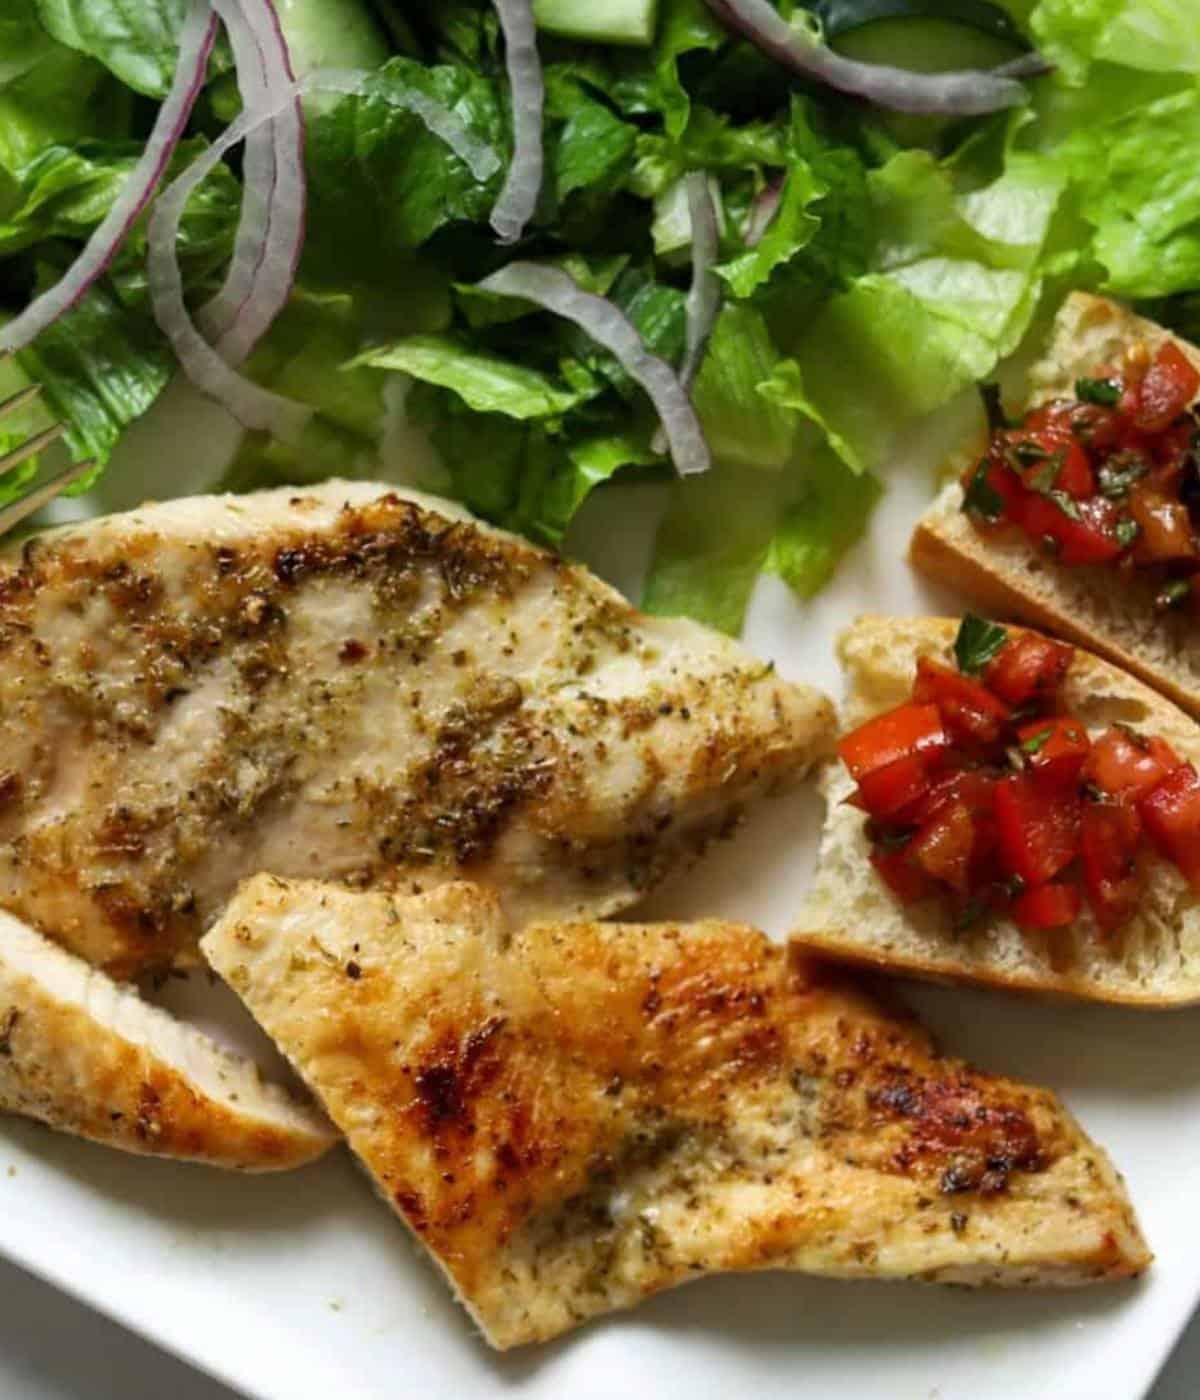 Sauteed chicken breast on plate with salad on side and bread with bruschetta.
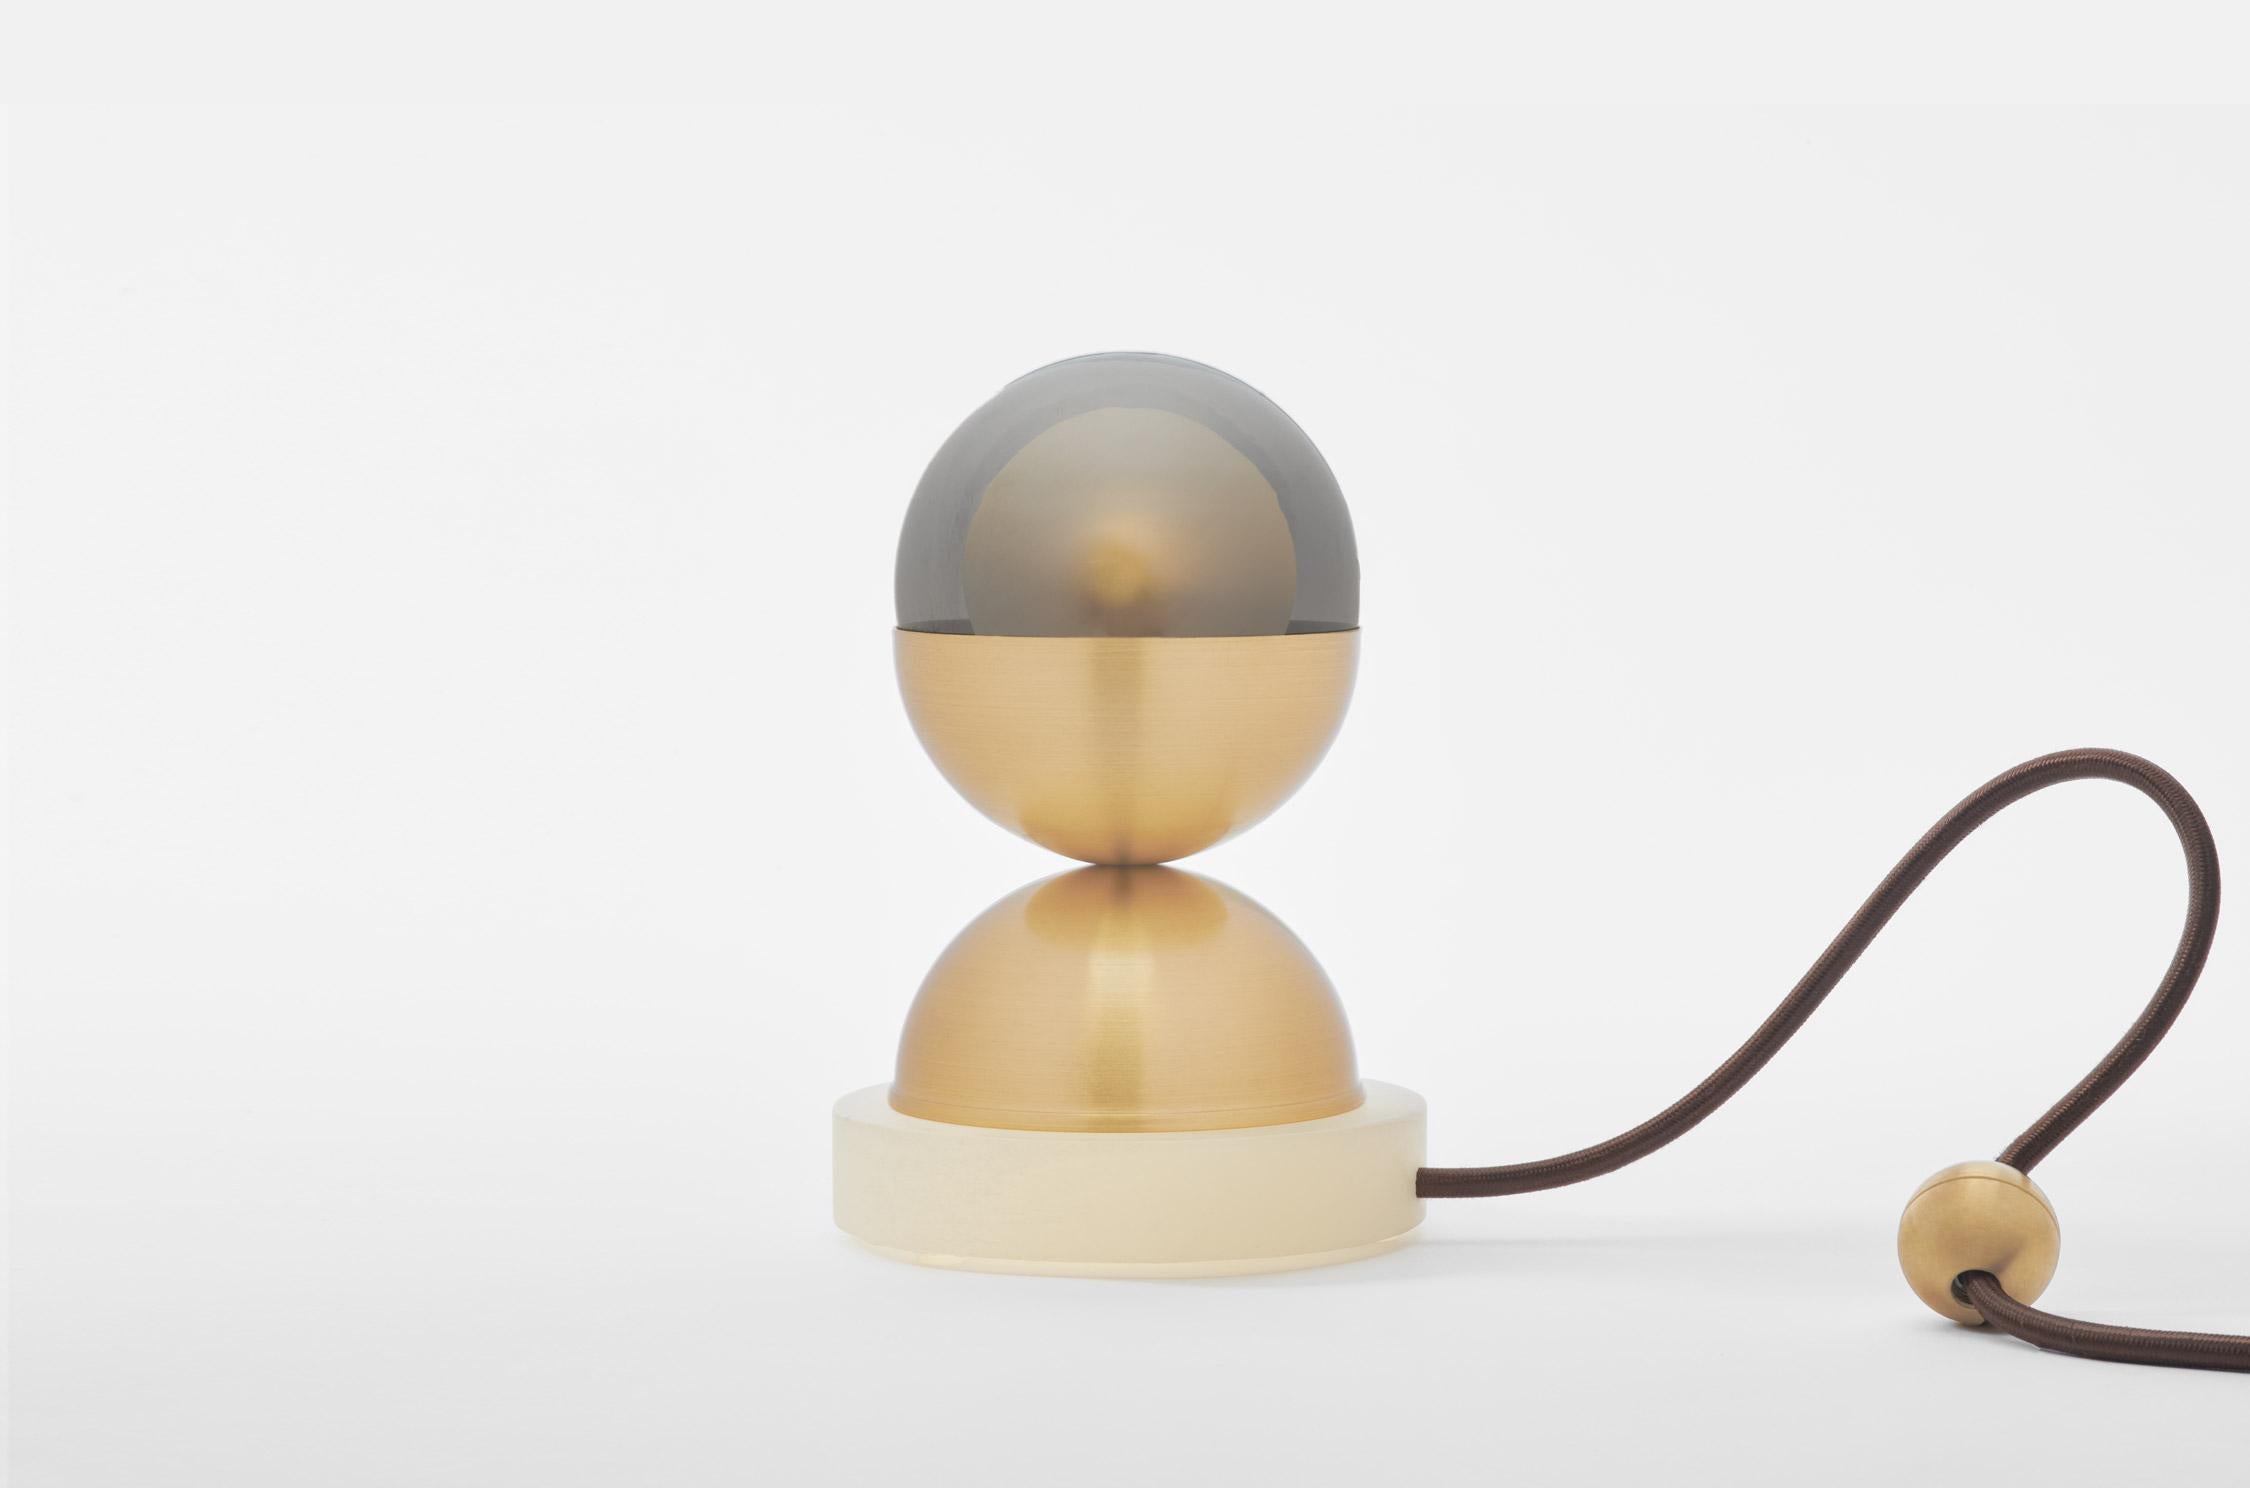 The bloom table Lamp's igenious design consists of glass, metal, and marble parts. The double glass orb (our Kadur pendant) rests inside a metal half-sphere, which is in turn balanced on another metal half-sphere attached to a round marble base. The
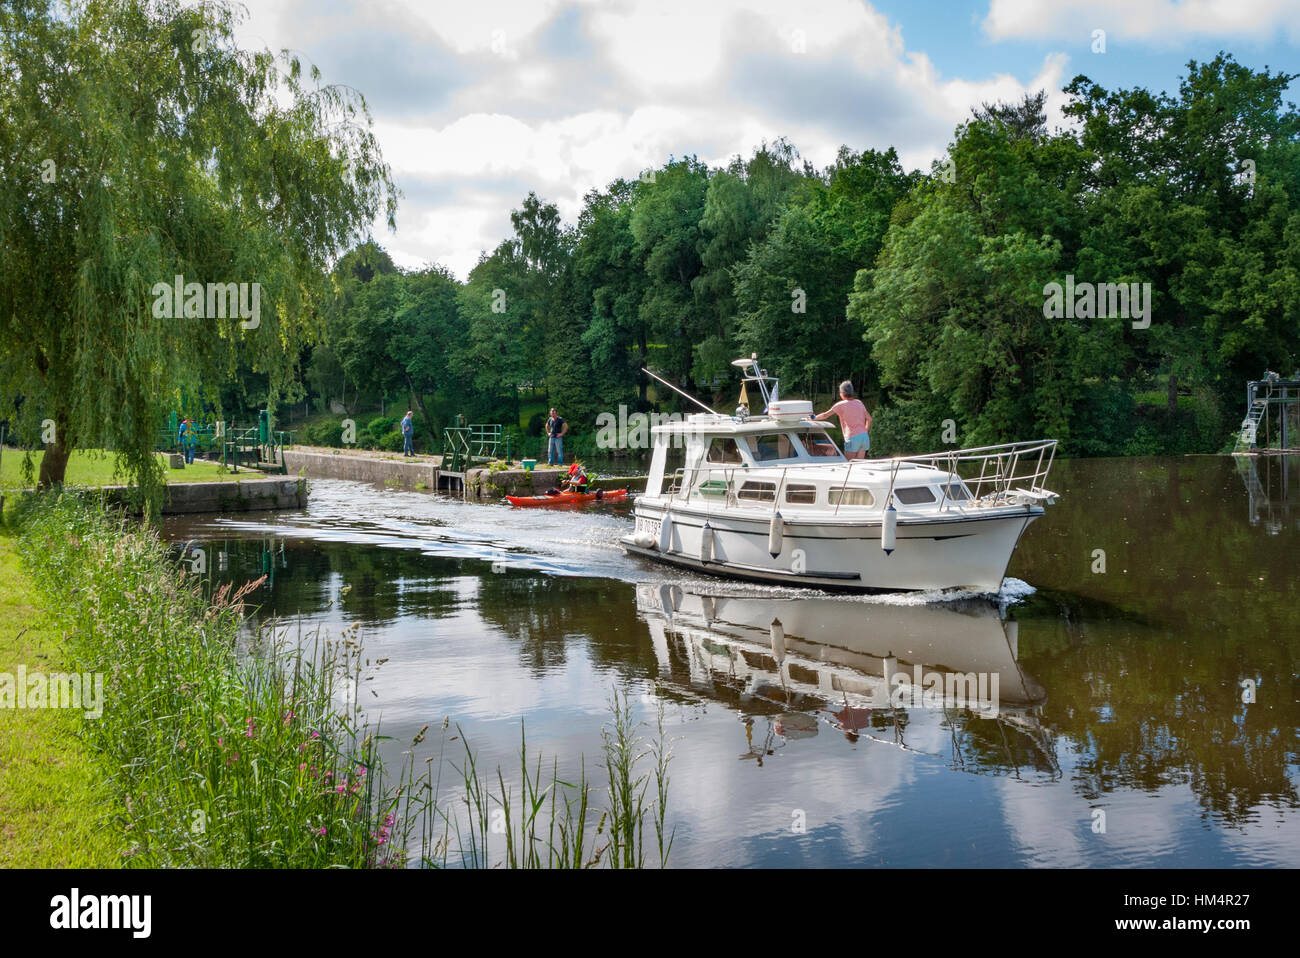 Nantes Brest canal Brittany France. Stock Photo
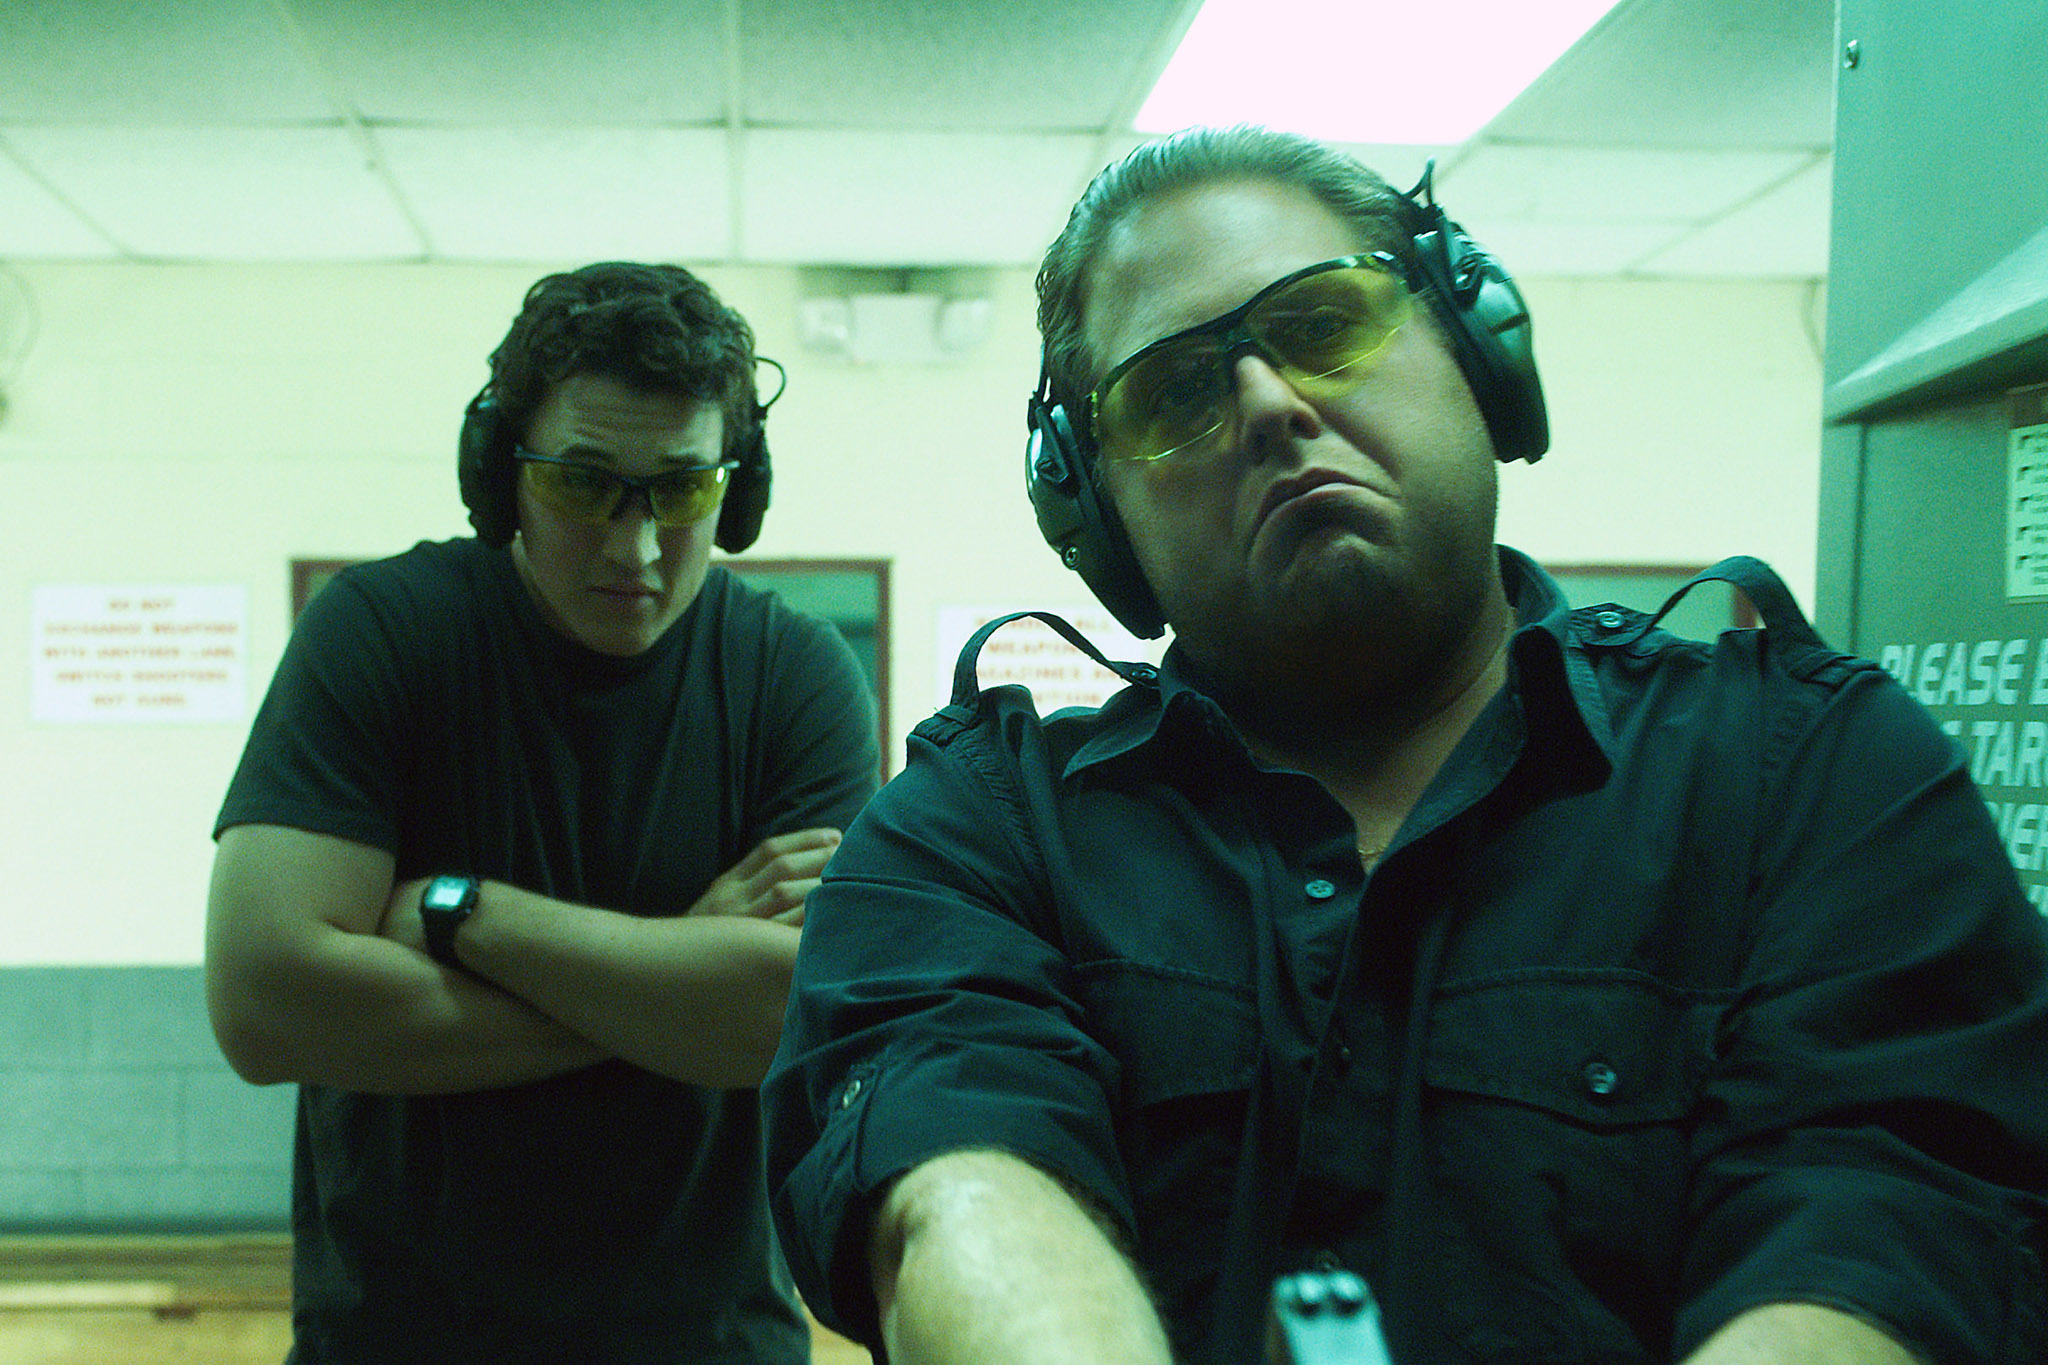 Best Jonah Hill movies from comedies to dramas

§ **ABOUT THIS TASK**
Print all the lines above again exactly, without any pictures.

§ **OUTPUT FOR THIS TASK**
 Sauteed chicken breast on plate with salad on side and bread with bruschetta.
 The bloom table Lamp's igenious design consists of glass, metal, and marble parts. The double glass orb (our Kadur pendant) rests inside a metal half-sphere, which is in turn balanced on another metal half-sphere attached to a round marble base. The
 Nantes Brest canal Brittany France. Stock Photo
 Best Jonah Hill movies from comedies to dramas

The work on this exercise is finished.